West pragmatist felsefeye trajedi boyutu ekleyen, trajedi duygusu aşılayan bir kitap yazmak istediğini belirtiyordu. Neden trajedi? Haksızlığa uğrayanların tarihinde, mazlum ve madunların mücadelesinde trajik bir boyut hep var olmuştur. Trajik olan haksızlıklar, adaletsizlikler karşısında doğar. West de çok haklı olarak siyahların ırksal eşitlik, toplumsal adalet ve demokrasi mücadelesini trajedi duygusuyla ve trajik olanla birlikte düşünüyor, Afrikan-Amerikan kültüründe trajik bir boyut görüyor. Siyah halkın ırkçılığa, sömürgeciliğe, temelinde beyaz üstünlükçü (supremacist) anlayışın bulunduğu kapitalist sömürü düzenine karşı mücadeleleri boyunca kuvvetlenen bir trajedi duygusundan söz ediyor. Kölelik günlerinden beri siyah öfkeyi beslemiş ve eşitlik mücadelesini tetiklemiş olan bir duygu.

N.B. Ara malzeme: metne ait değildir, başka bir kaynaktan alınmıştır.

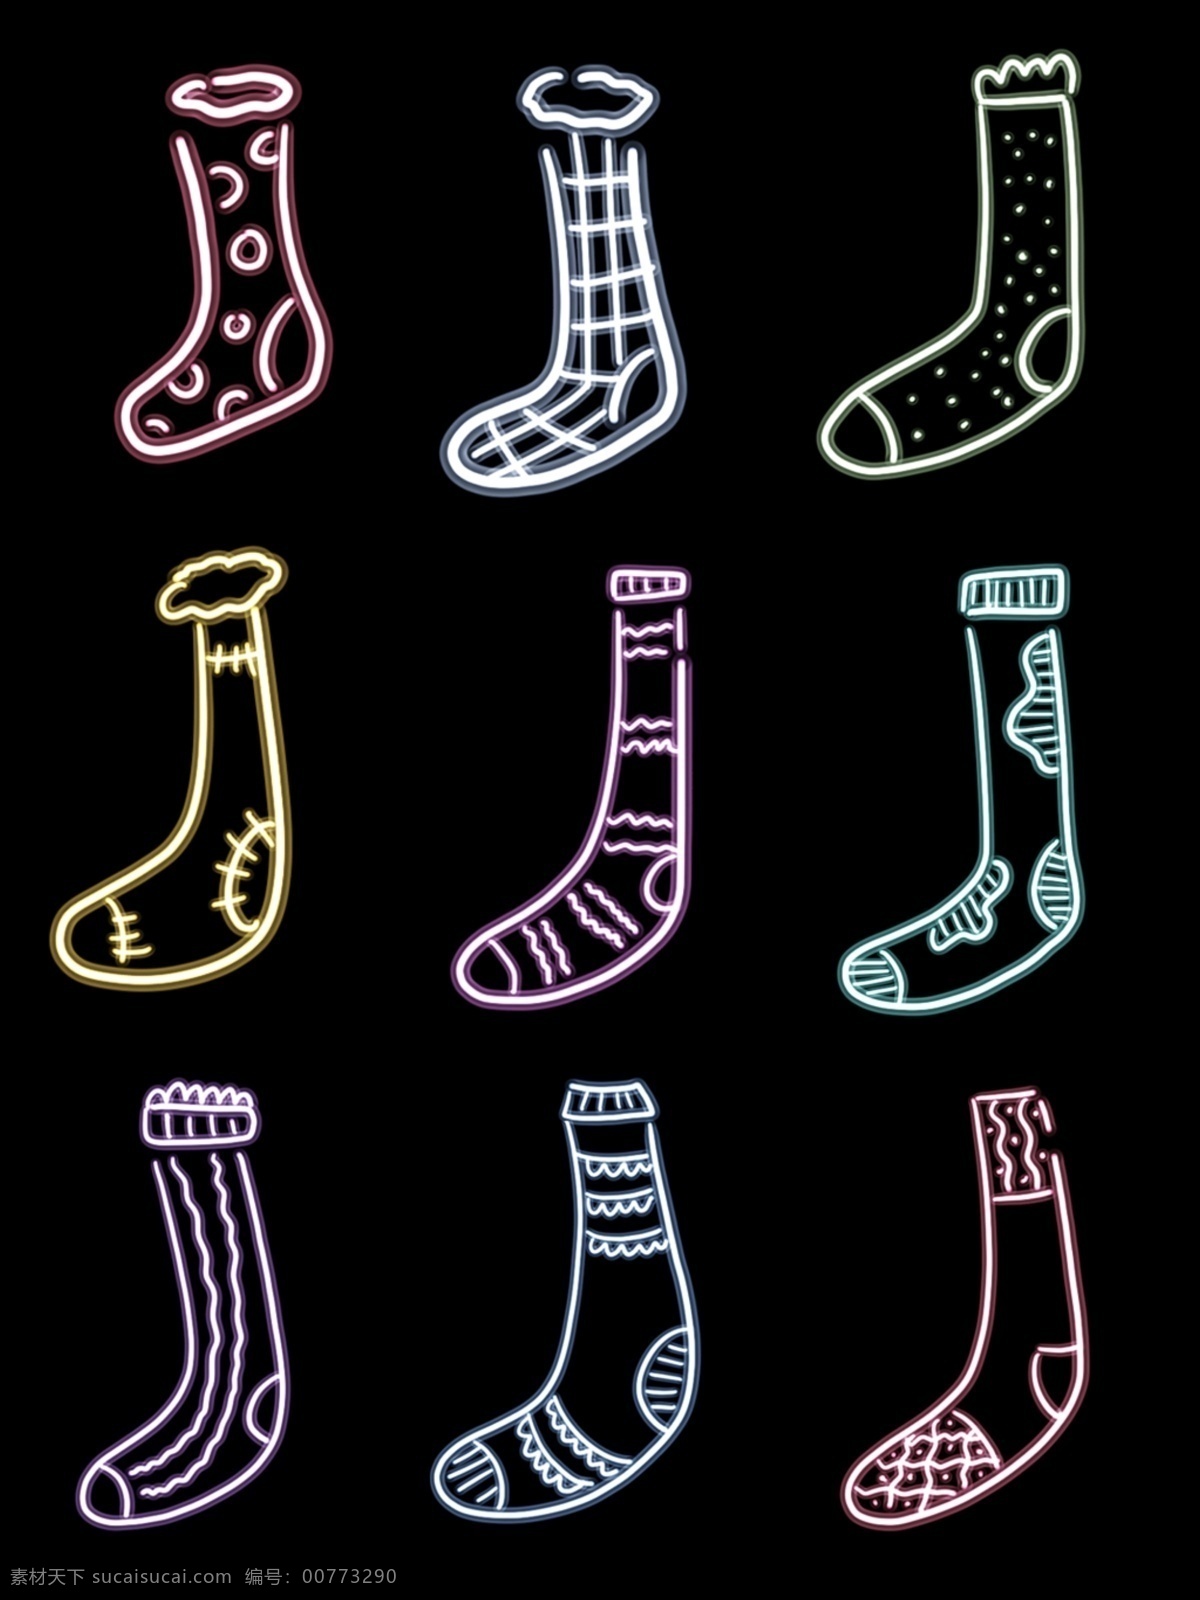 霓虹灯 可爱 发光 袜子 装饰 图案 元素 发光图案 发光素材 可爱袜子 霓虹灯装饰 霓虹灯图案 发光袜子

Bu trajedi boyutu ve trajedi duygu siyahların Güneydeki köle isyanlarında, linç edilerek ağaçlara asılan siyah bedenlerde, sivil haklar hareketinde, Martin Luther King’in vaazlarında, Jim Crow yasalarına verilen tepkide, siyahların kamu taşıtlarında kendilerine uygun görülen arka koltuklarda oturmayı reddedişlerinde ortaya çıkmıştır. Siyahların çektikleri acılarda, kültürel ifadelerde, müziklerinde, W.E.B. Du Bois’un sözünü ettiği kölelik döneminin “hüzün şarkıları”nda, plantasyonlarda çalışan siyah kadınların çocuklarına söyledikleri ninnilerde, blues ve siyah kiliselerdeki gospel müziğinde, kendini belirgin kılmıştır.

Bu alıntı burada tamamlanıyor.